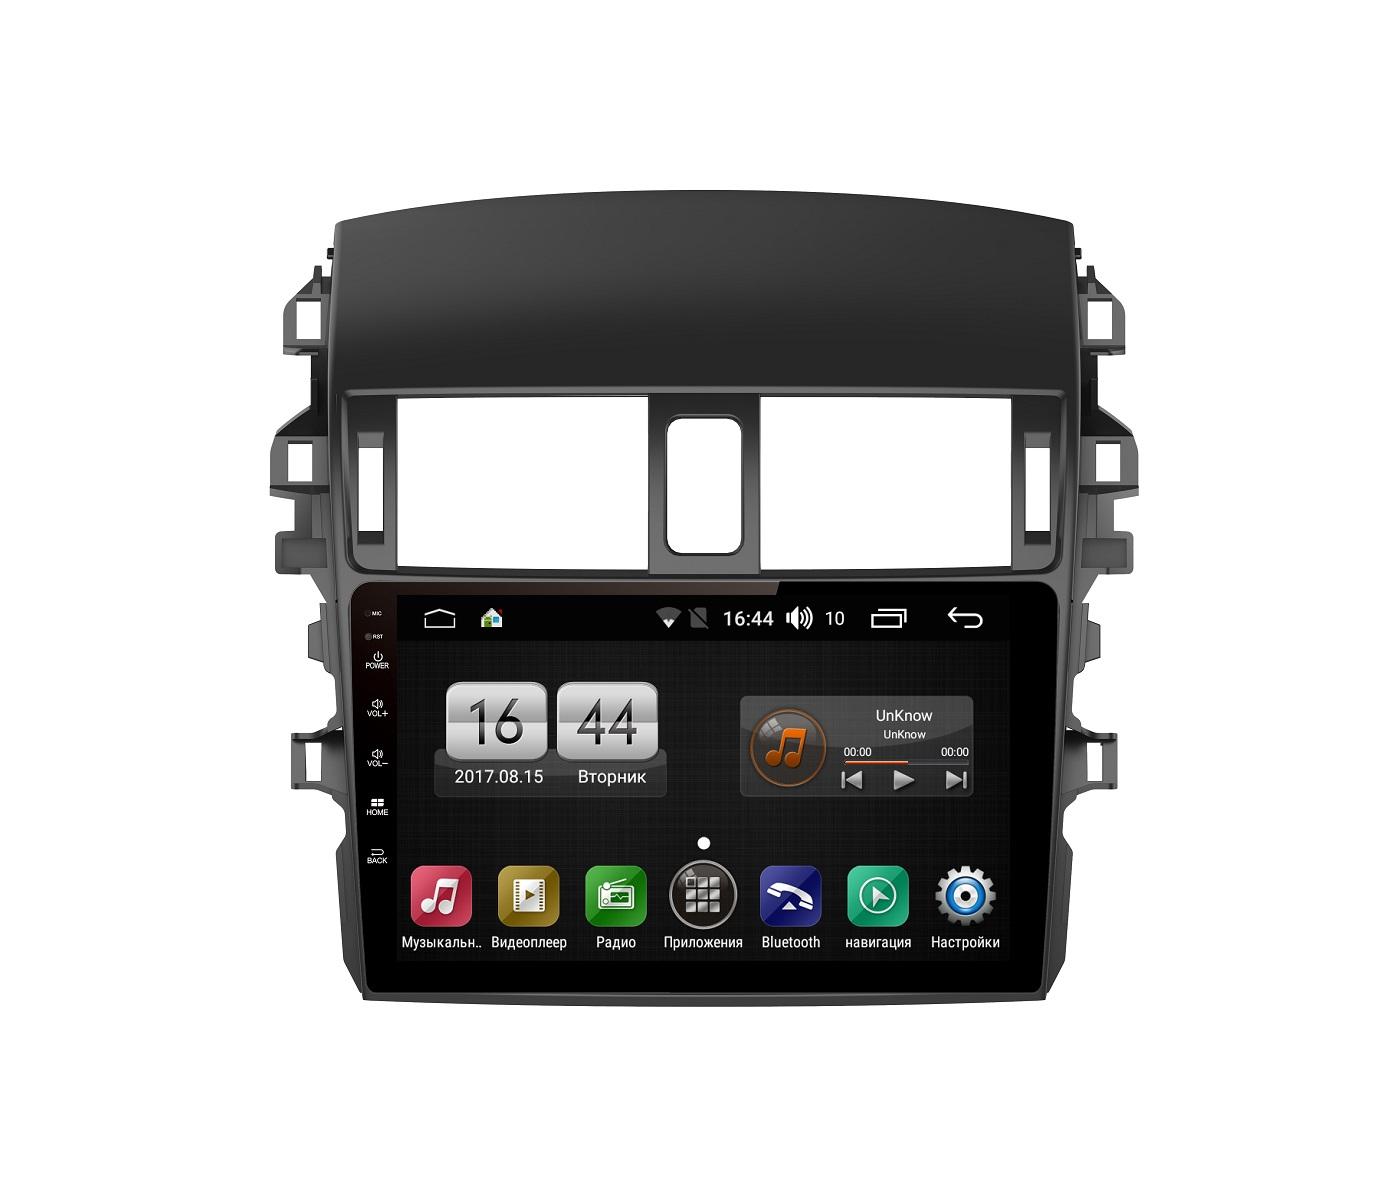 Штатная магнитола FarCar s175 для Toyota Corolla на Android (L063R) штатная магнитола farcar s175 для toyota camry на android l064r
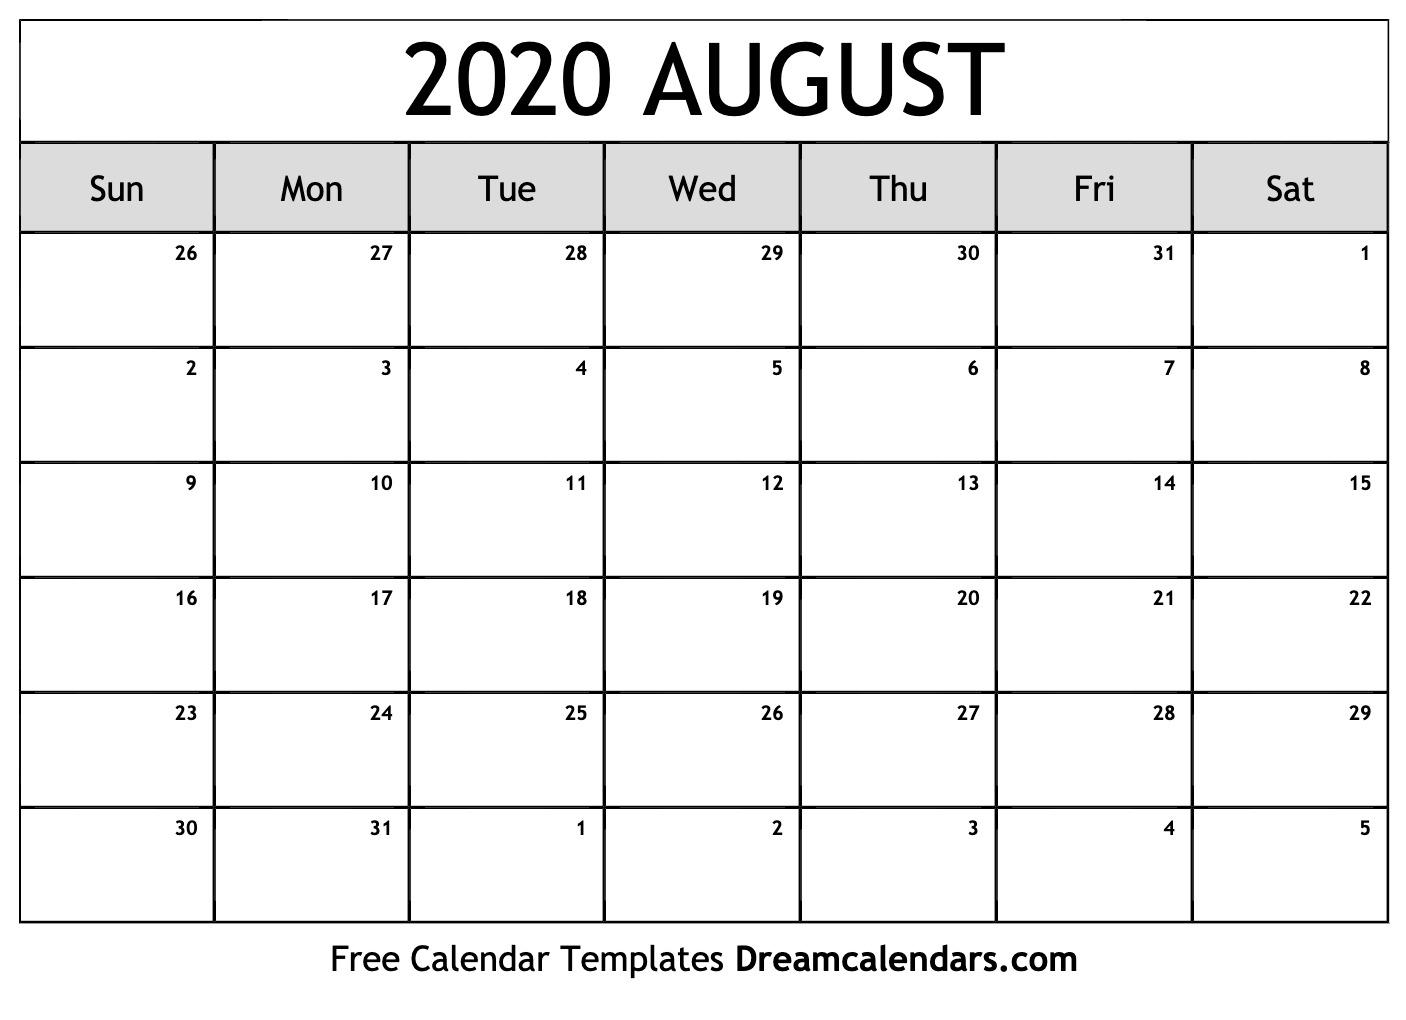 Free Blank August 2020 Printable Calendar within Kalendar Kuda July 2020
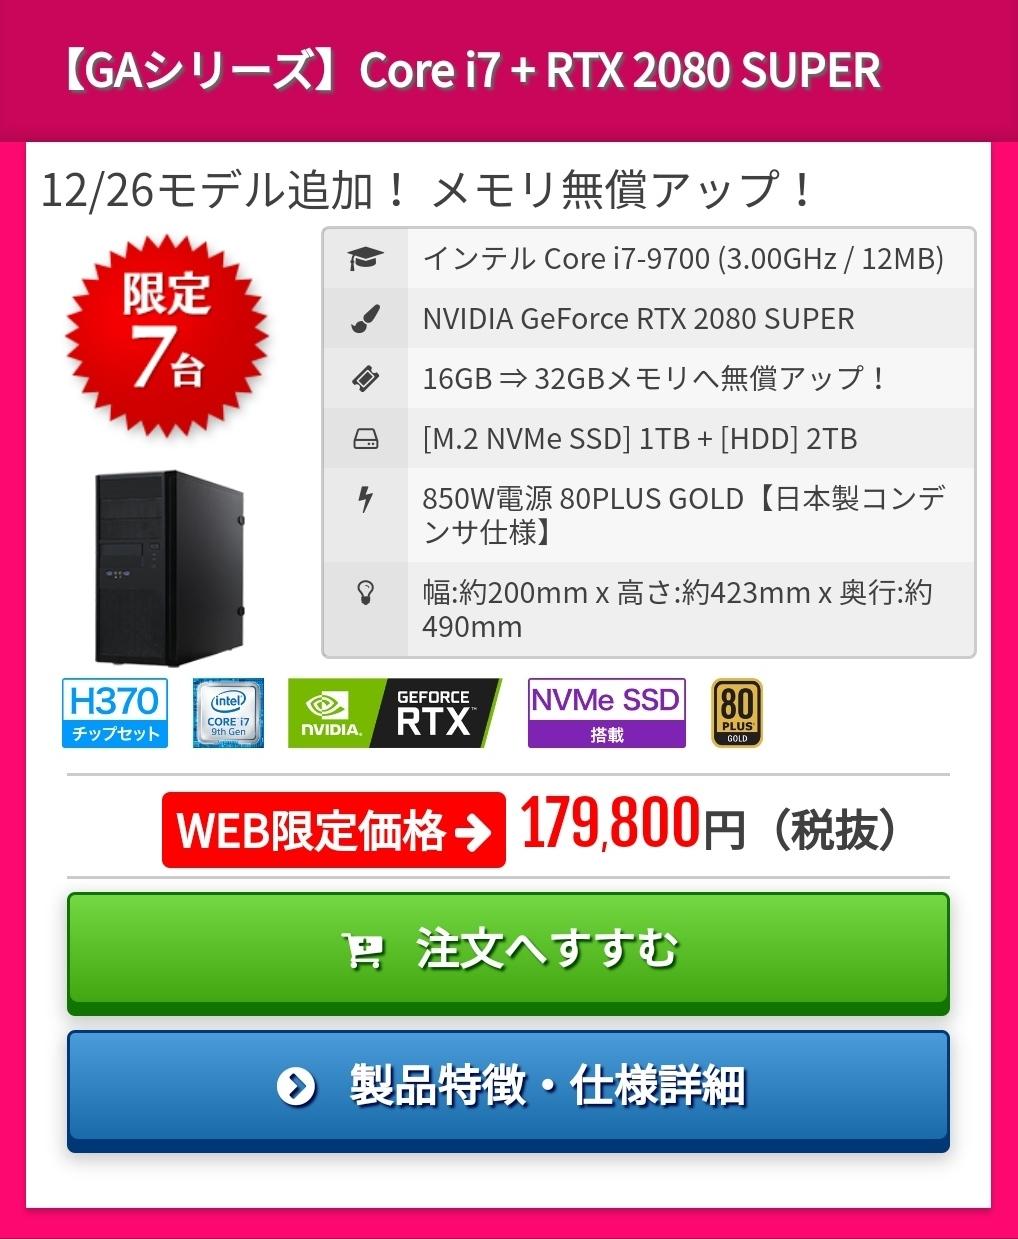 XF2vfRy - PS4「19,980円です」 PC「179,800円です」
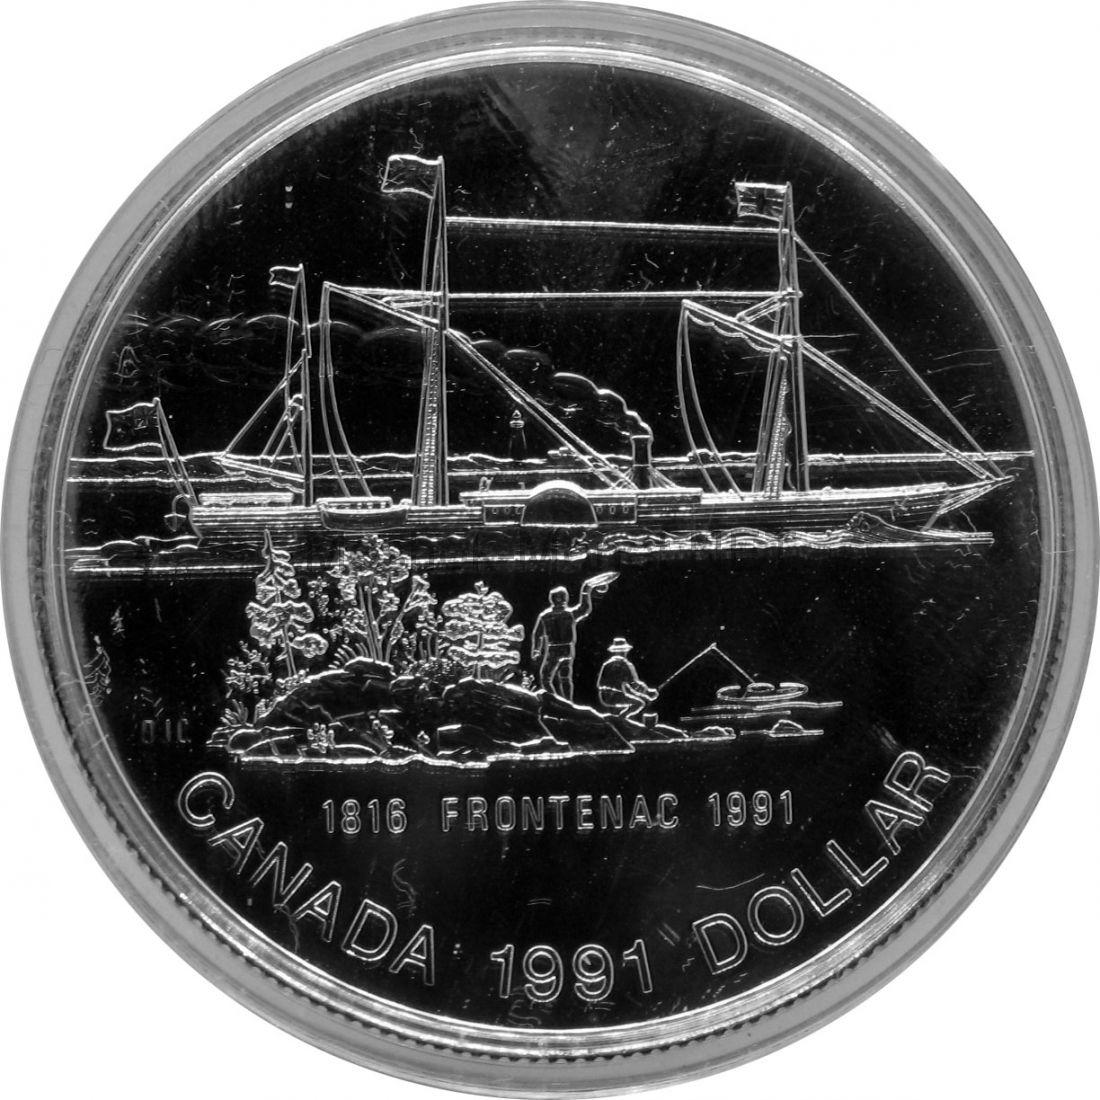 Канада 1 доллар 1991 г. S.S. Frontenac
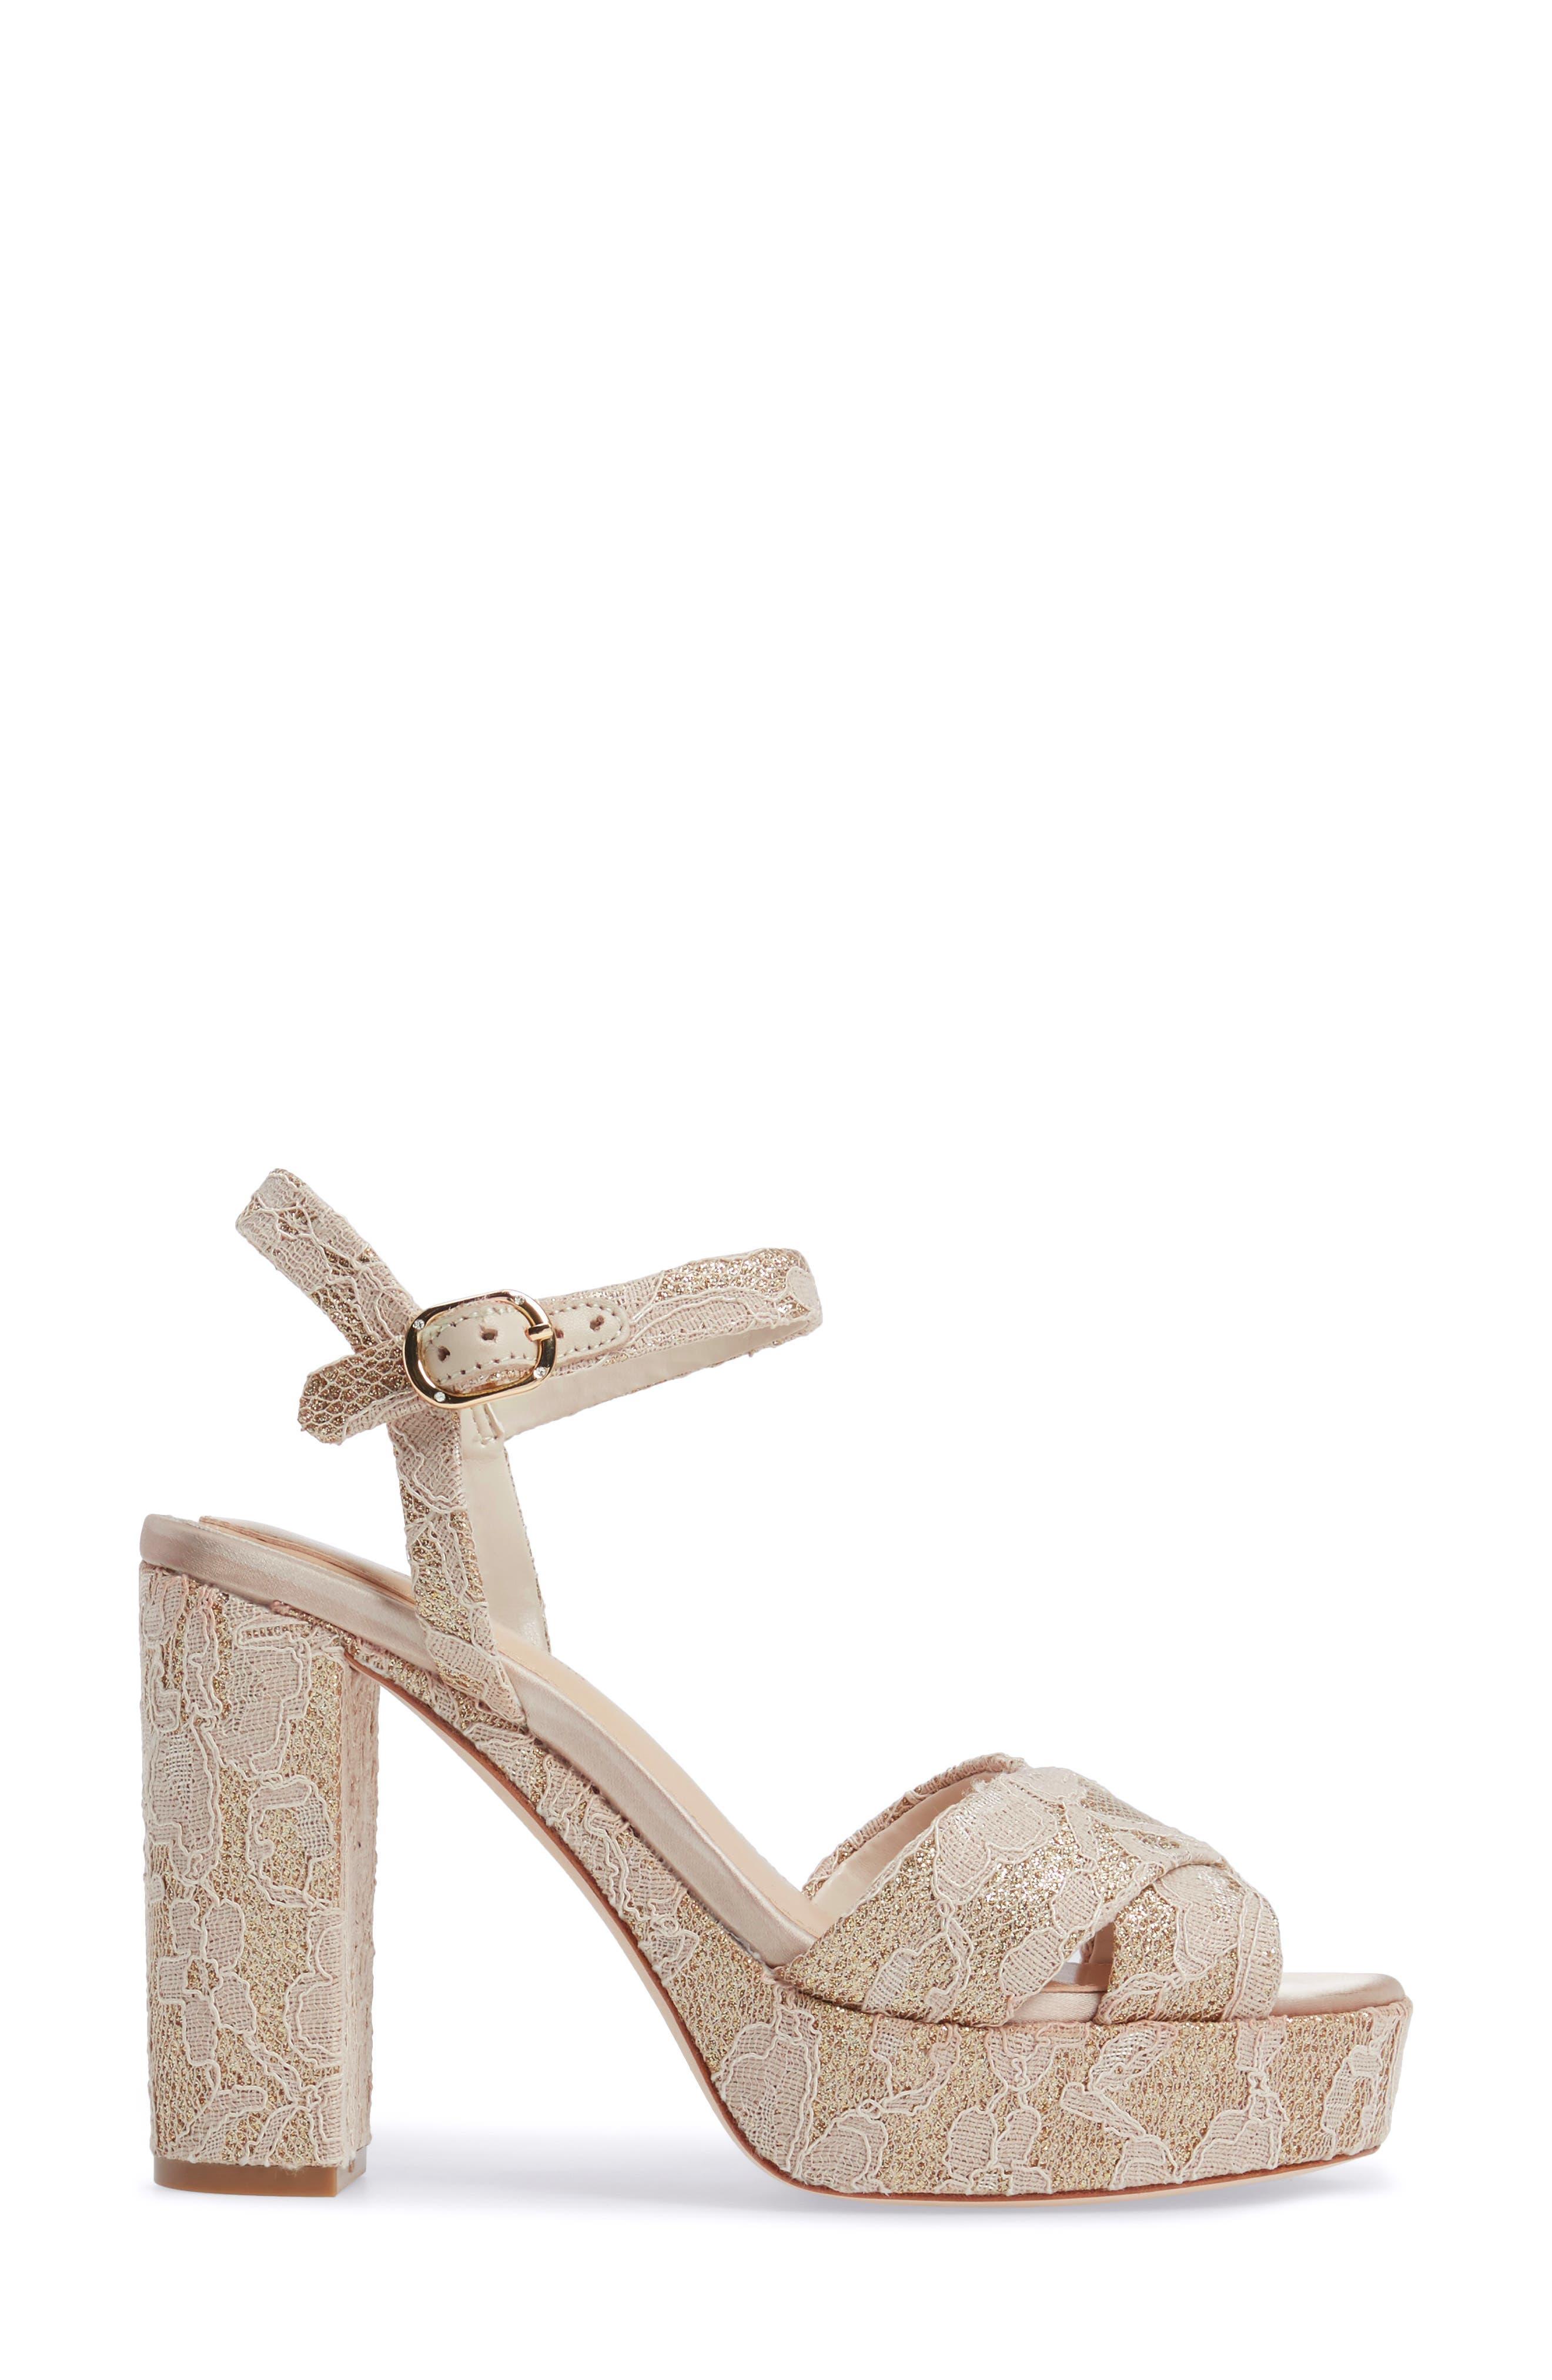 Alternate Image 3  - Imagine by Vince Camuto 'Valora' Platform Sandal (Women)

*****

## Work instruction
Starting at the first line of the records above, set down each line exactly through the one that holds "Канада 1 доллар 1991 г. S.S. Frontenac". Omit pictures.

## Response below
 Штатная магнитола FarCar s175 для Toyota Corolla на Android (L063R) штатная магнитола farcar s175 для toyota camry на android l064r
 Free Blank August 2020 Printable Calendar within Kalendar Kuda July 2020
 XF2vfRy - PS4「19,980円です」 PC「179,800円です」
 Канада 1 доллар 1991 г. S.S. Frontenac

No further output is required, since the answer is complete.